This article is intended to provide general information about a pending change to English Law, which may be of interest to the reader. It is not intended to constitute legal advice or to provide a comprehensive analysis of the pending changes to the Law. The reader is advised to seek independent legal advice in respect of their particular circumstances before taking any action.

Historically UK Companies have not disclosed details of who ultimately controls them and shareholders have not made public declarations about the shares they own. This all changes with effect from 1 January 2016 with the Small Business, Enterprise and Employment Act 2015 introducing a new central public registry setting out details of those who have “significant control” over private UK Companies.

Much of the detail is still to be set out in secondary legislation but, given 1 January 2016 is not far off and non-compliance exposes companies, their officers and shareholders to criminal sanction, now is the time to consider how you may be affected.

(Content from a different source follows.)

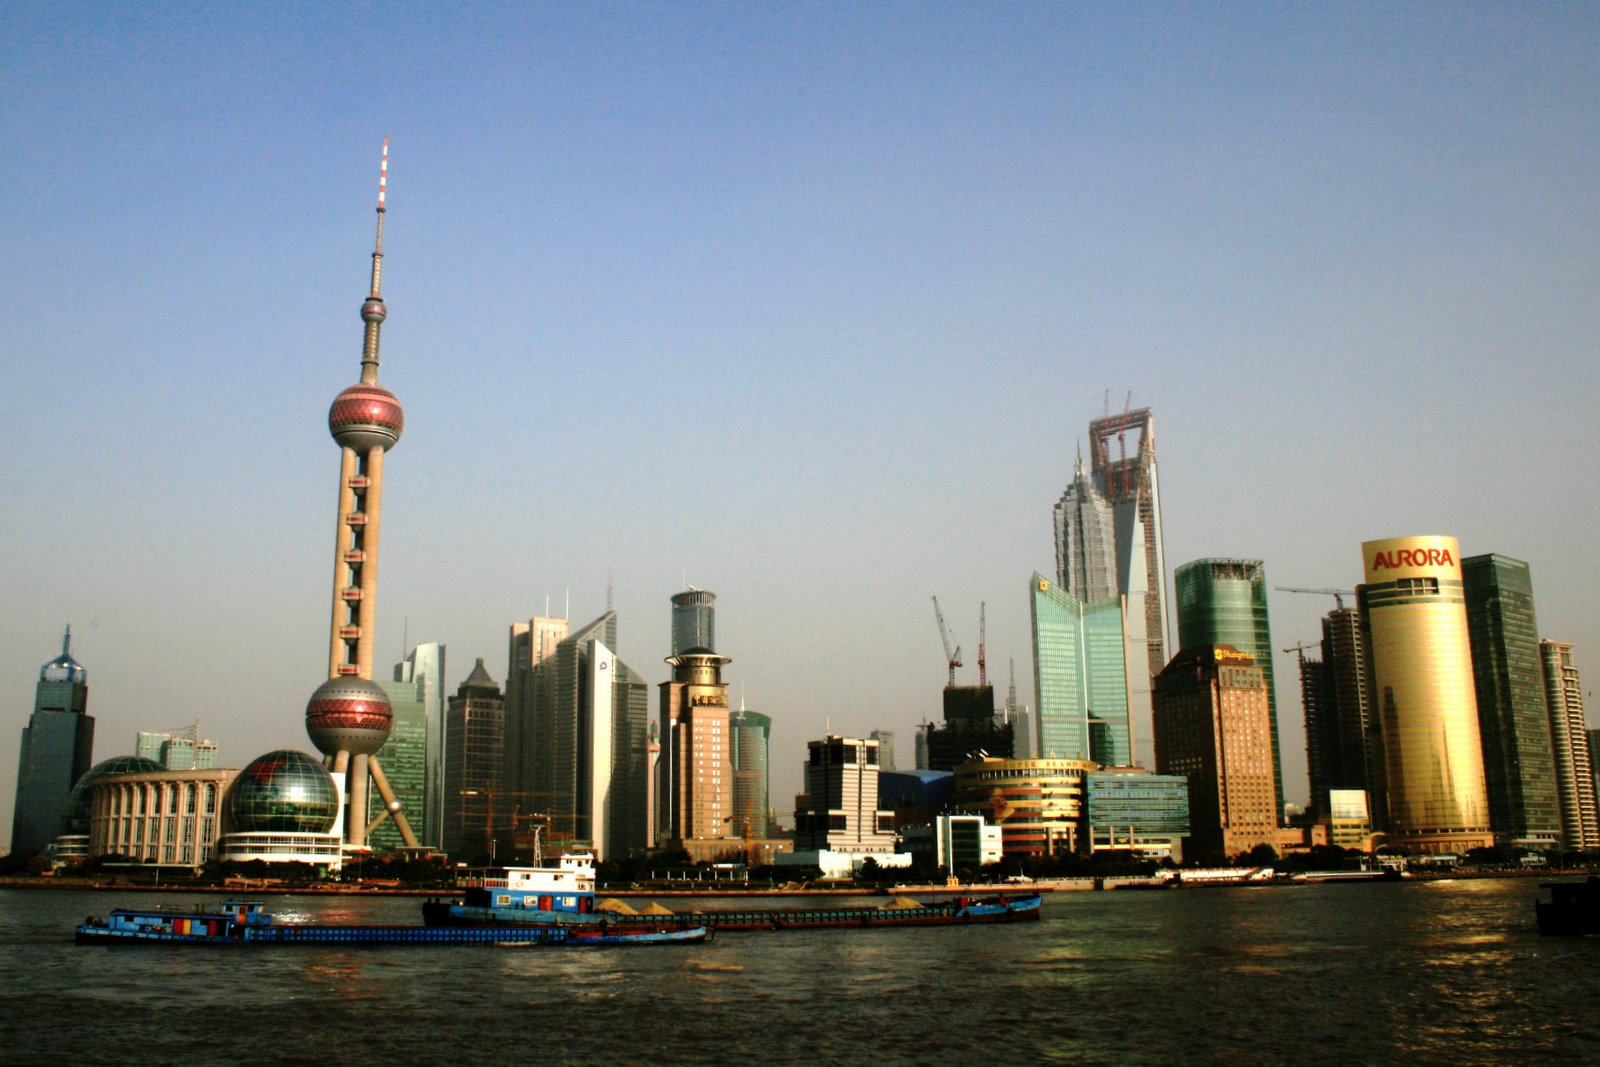 Shanghai, Pudong area

Who are persons with “significant control”?

A person with significant control (vknown FCC GB as a “PSC”) is any individual, regardless of whether or not they are UK resident, who:

holds, directly or indirectly, more than 25% of the shares or the voting rights in the company;
can appoint or remove a majority of the board of directors of the company;
exercises significant influence or control over the company; or
is a trustee of member of a firm that is not a legal person who meets one of the above conditions and has the right to exercise significant control or influence over the trust or the firm.

Such a person needs to be registered in the Company’s PSC Register along with certain required information: see “The PSC Register” below. company which is part of a group of companies may exercise significant control and fulfil the relevant criteria above and is called a relevant legal entity (“RLE”).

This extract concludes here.